Posted over 4 years ago. 3 helpful votes



Read Rule 23 of the Federal Rules of Civil Procedure

The starting point for certifying a class action is familiarizing yourself with Rule 23 of the Federal Rules of Civil Procedure. Rule 23(a) requires that (1) the class be so numerous that joinder is impracticable (2) common issues of law or fact exist (3) the claims of the class are typical and (4) both the class representative and his/her lawyer(s) are adequate to represent the class. Assuming you can satisfy the Rule 23(a) requirements, you can move on to Rule 23(b) to determine what kind of class should be certified. But first things first. Let's concentrate on Rule 23(a) for a moment.


Interview The Client With An Eye Toward A Common Fact Pattern

A common fact pattern is a must to certify a class because Rule 23 requires that the class be so numerous that naming all of the class members and personally joining them in one lawsuit is not practicable. In other words, what happened to your client must have happened to lots of other people. There is no bright line rule on the minimum number required to certify a class. But, generally speaking, at least 40-50 people are needed. Second, the facts that create the potential client's legal claim(s) must be common to other people who would be in the class. For example, a person that was unlawfully fired from his/her job because of something peculiar to that person would not make for a good class representative. Finally, your client has to be an adequate representative of the class and you have to be able to show that you can adequately prosecute the case. For the client, adequacy doesn't mean being the smartest person in the room, but he/she must be familiar with the case facts.

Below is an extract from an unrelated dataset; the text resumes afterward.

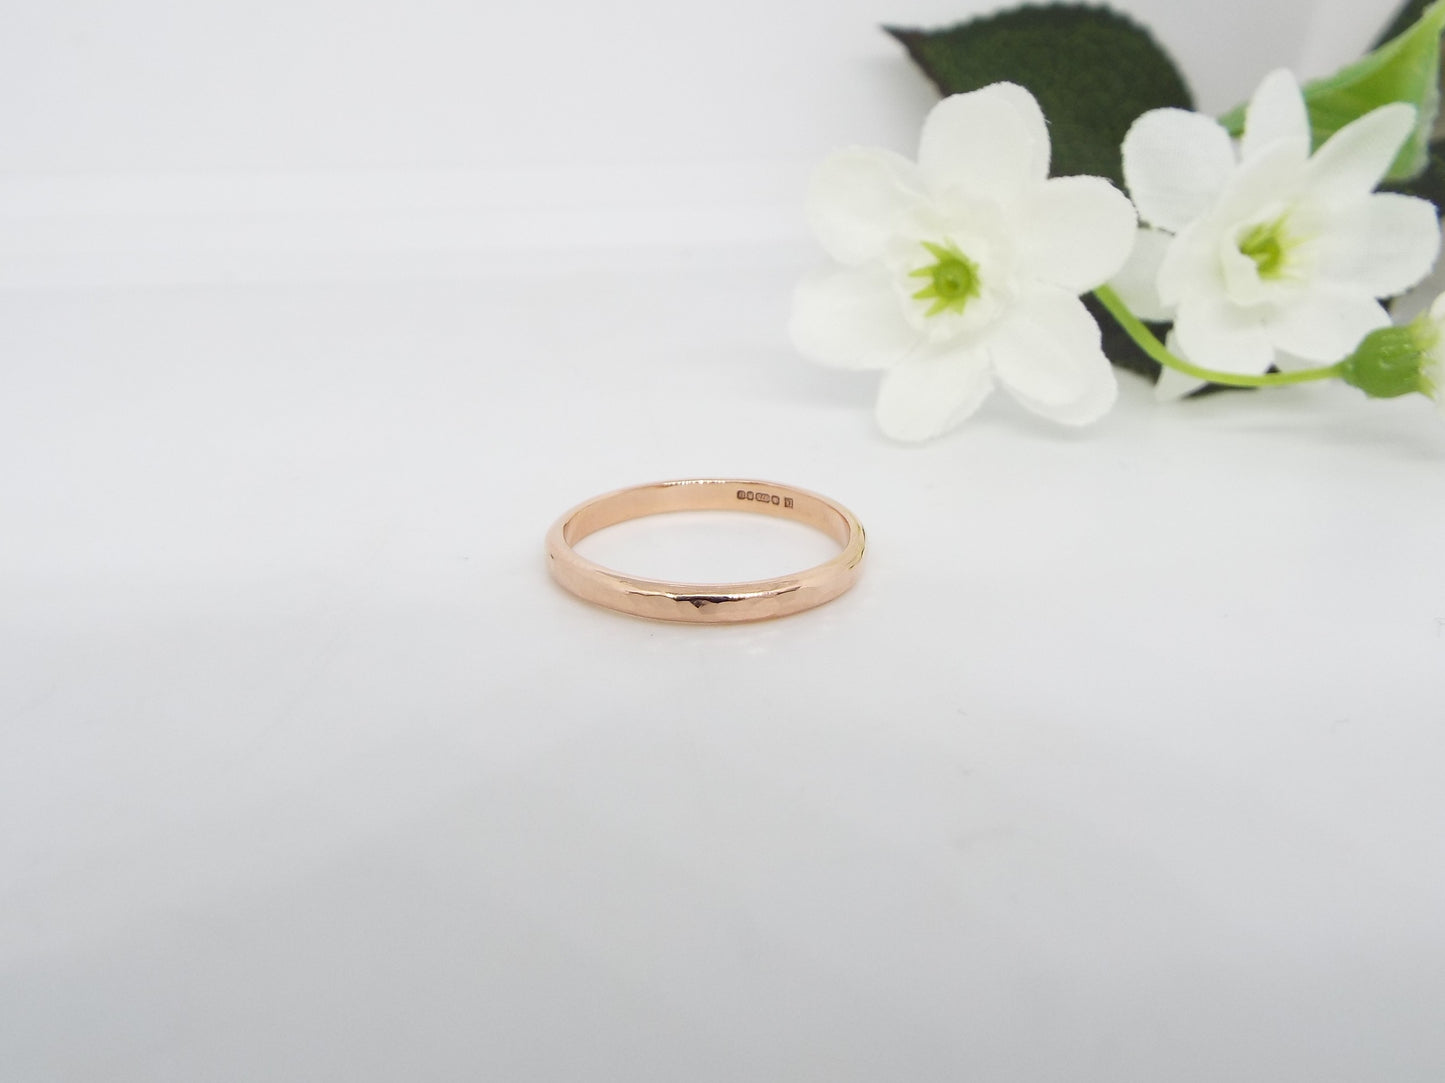 9ct Rose Gold Wedding Ring - Hammered finish - slim

Determine What Type Of Class Is Best

Are you seeking an injunction or are you seeking damages for past misconduct? The answer to that question determines the type of class you should seek. Injunctive relief is primarily provided through a Rule 23(b)(2) class. Damages are primarily provided through a Rule 23(b)(3) class. In (b)(3) classes, common issues of fact/law must predominate over individual issues, and a class action must be superior to other types of means for adjudication of the claims. In the somewhat rare event that a defendant has little money and/or or a limited fund of assets to pay a judgment, you may get a class certified through (b)(1)(B). Rule 23 can be complex depending on the circumstances, but this guide should give you a head start. Of course, the devil is in the details, so this guide should be seen only as an overview.